她很特别,她是这腐朽的乱世里,极其难得的一抹清明,一身正气,又心怀恻隐。
也正因如此,他才更要将她强行拉入棋局。
宋保荃心底掠过一丝浅浅的自我厌弃。
他惜她一身风骨,叹她孤身异地无依无靠,却偏偏利用她的无助,推着她远离唯一的安身之所,远赴异国,沦为乱世博弈的棋子。
何其残忍,何其卑劣。
可他别无选择。
“载沣是宗室最后的体面,是皇室仅剩的一条退路。东京留日学子,藏着未来燎原的星火,是乱世新生的退路。”
他声音微哑,带着压抑的疲惫与无奈。
“而苏小年,是唯一能串联这两条生死路的关键。”
若非因为今天马场发生的事,也不会有现在这样好的局面。
也幸亏他及时地推动了一把。
这场突如其来的风波,于她是无妄之灾,于风雨飘摇的时局,于筹谋多年的他,却是千载难逢的机会。
“我利用她对王府的忌惮,推着她上了去日本的船,我利用载沣那点自己都说不清的心思,在他那里挂了个名,更借奕劻插手日本之事,让他明白,自己需要一枚暗子。”
他说得很慢,每个字都像在细细掂量,目光投向窗外浓得化不开的夜色。
他知道自己难免有些两头下注,左右逢源。
“你是不是认为……我是个只会钻营算计的人?”
“达人不敢。”
“你心里,未必不敢。”
宋保荃轻笑一声。
“我今日布的局,下的子,从不只是为了我自己。
他目光深深,眉宇间带着一丝疲惫。
“我只是想为了……找一条出路。”
上海的安宁朝不保夕,一旦乱起来,可不仅仅是颠沛流离那么简单。
宋保荃的声音低下去,像自言自语。
“你跟我这些年,见过上海滩多少风云?你以为我真的是想巴结载沣,攀附权贵吗?”
宋保荃将茶杯放下,杯底碰在茶几上,发出一声清响。
“达人。
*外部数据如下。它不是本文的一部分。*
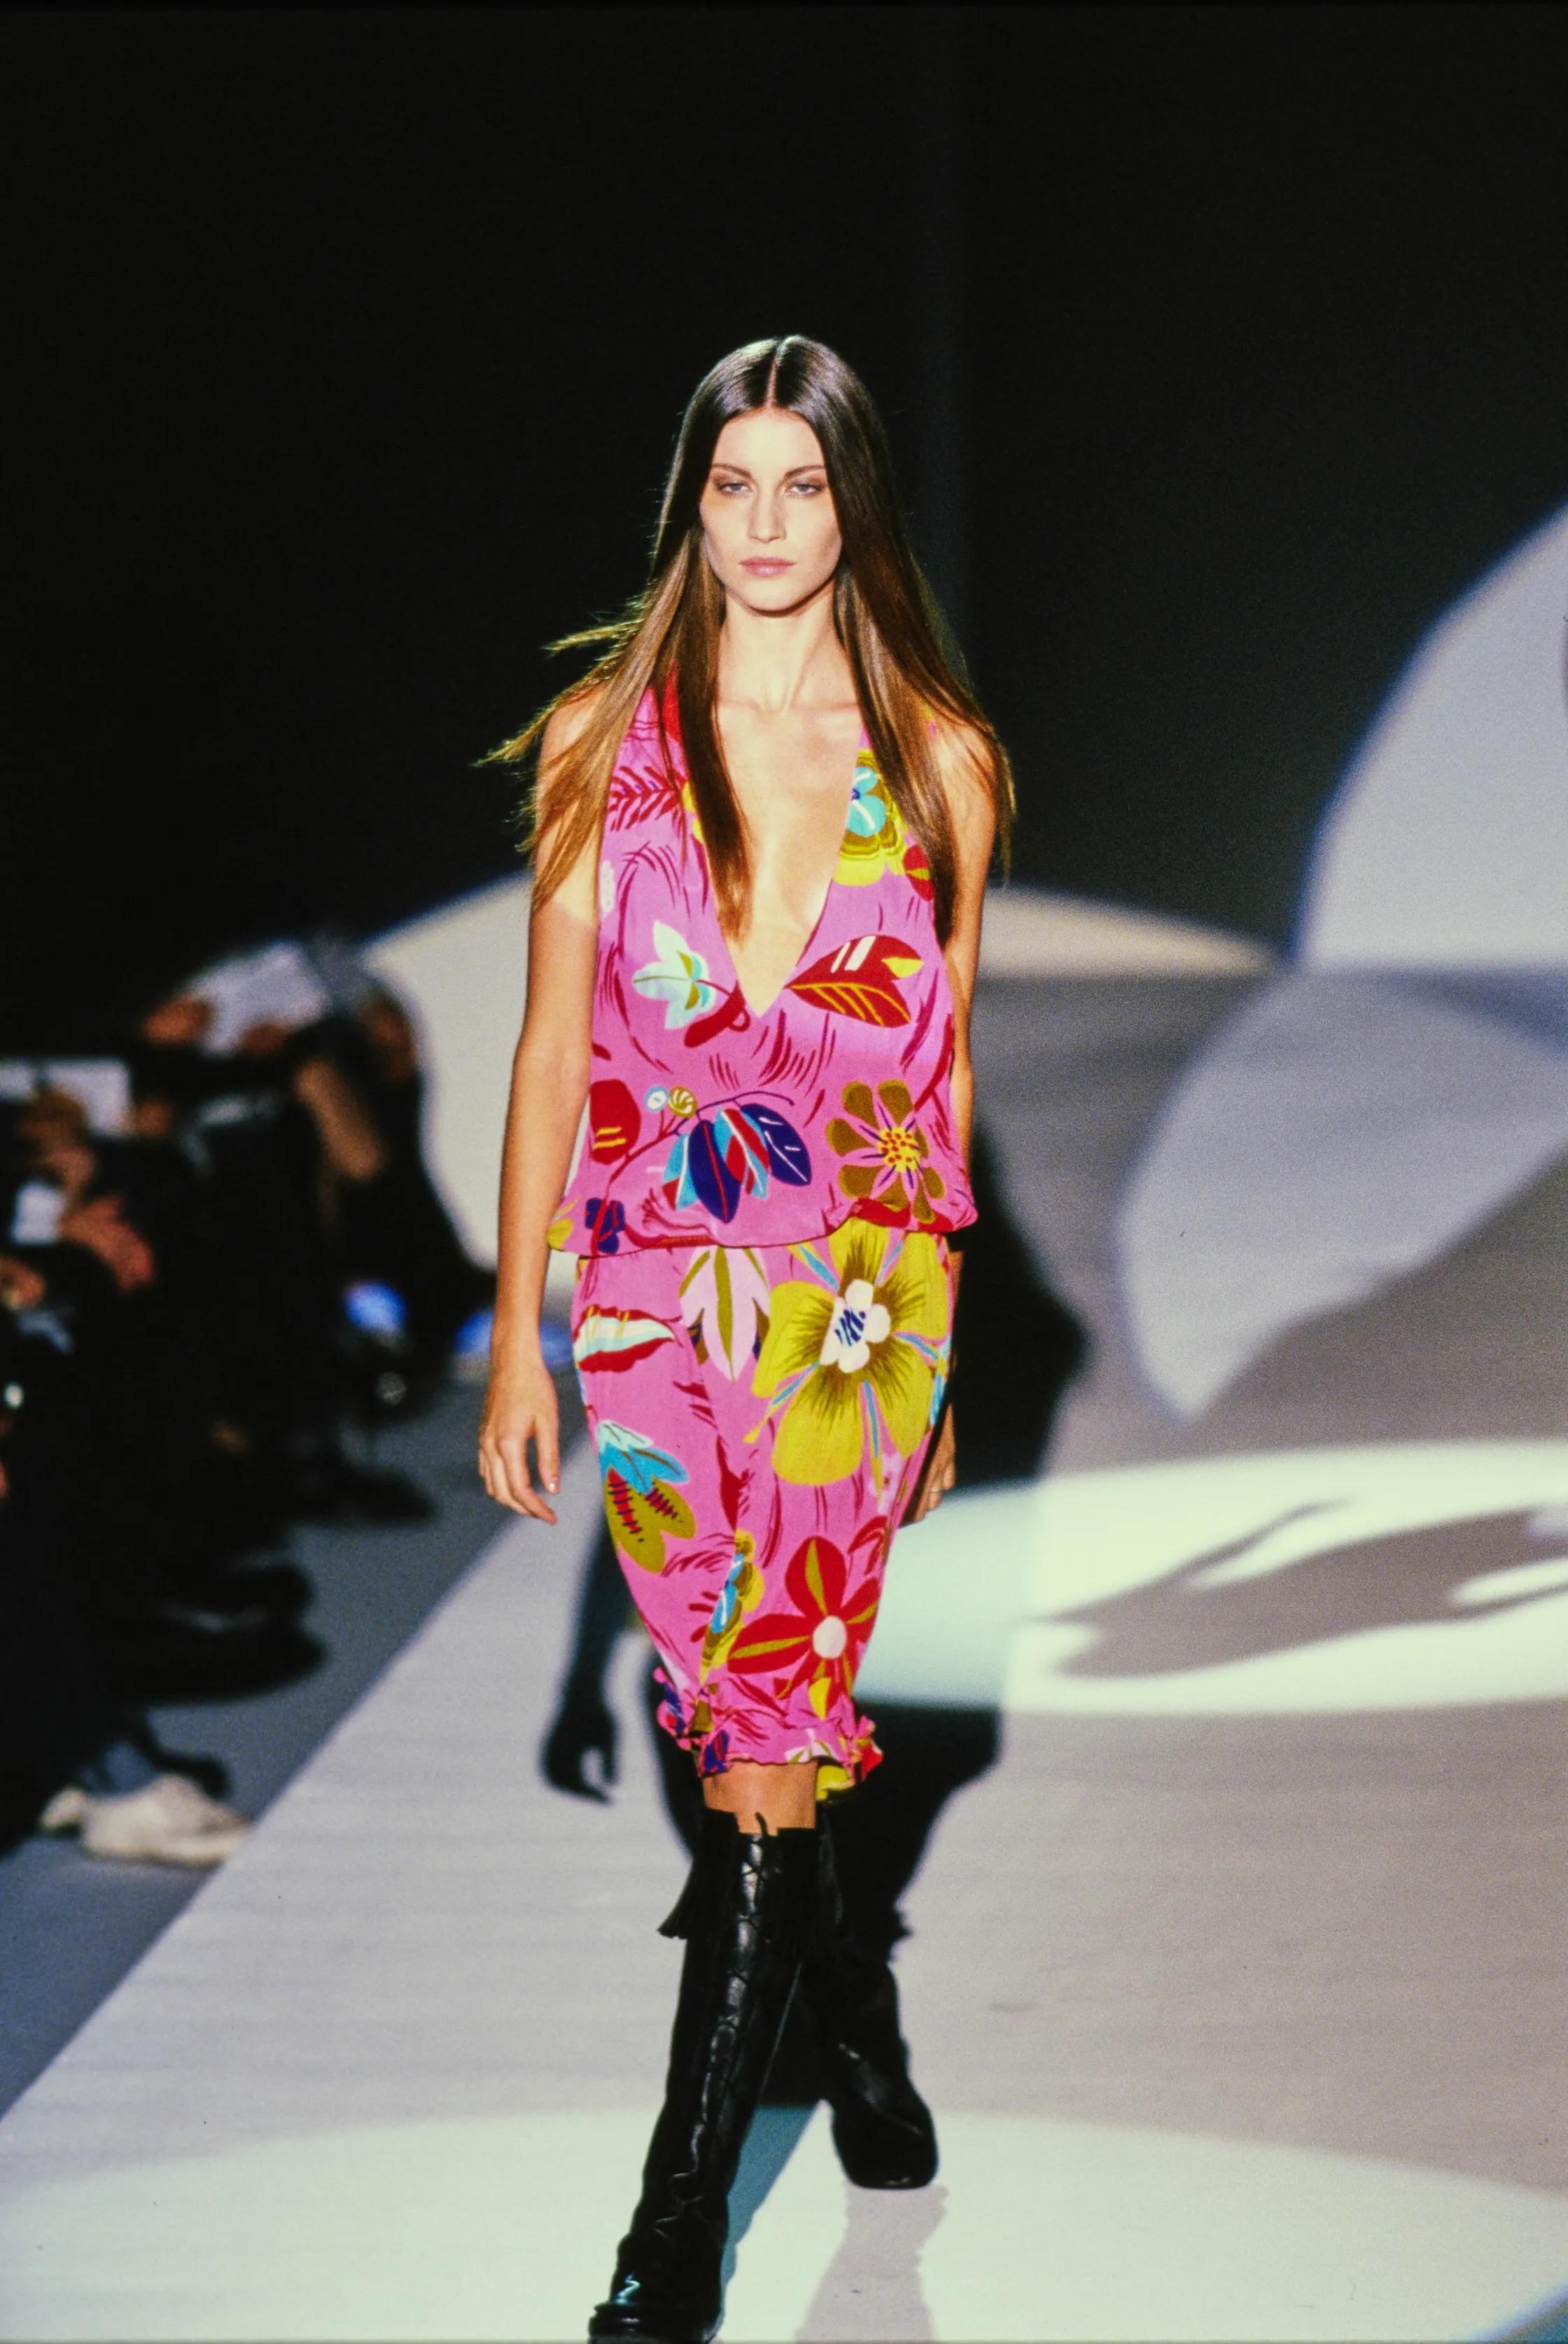 Presenting a fabulous bright pink floral print Gucci skirt, designed by Tom Ford. This dress, part of the Spring/Summer 1999 collection, features the 'Acid Floral' design,  Tom Ford's reinterpretation of Gucci's  Accornero Flora print. It shares an

”
他的声音愈加深沉。
“眼下这番光景,若再不做些什么,往后就真的做不成了。这大清……怕是真要到头了。”
达人猛地抬头,眼中闪过一丝震动。
“会长的意思是……”
“我没什么意思。”
宋保荃打断他,语气恢复了平日的冷静,甚至有些冷硬。
达人想了想。
“会长是怕,将来有变?”
“不是怕。”
宋保荃说的肯定。
“是迟早的事儿,你看这两年,南边北边,消停过么?朝廷的骨头越来越软了,可洋人的态度却越来越强硬。”
他叹了口气。
“我一个商人管不了朝廷大事 但我懂得一个道理,一句及时的情报,胜过十万大军。”
送苏小年去日本带来的价值,是无与伦比的。
达人犹豫道。
“苏小姐知道这些么?”
“她知道什么?”宋保荃反问。
“她只知道王府逼得紧,只知道我想帮她逃就足够了。”
“如果让她知道自己踏入的,是各方势力盘踞交错的中心,日后恐怕难以收场。东京之内,清廷密探,革命人士,洋人眼线,日方权贵四方交错,暗流汹涌,步步杀机。她不知道进入慈惠医校,看似是求学立身,实则踏入了整个东亚最凶险的博弈场。知道多了,反是祸害。”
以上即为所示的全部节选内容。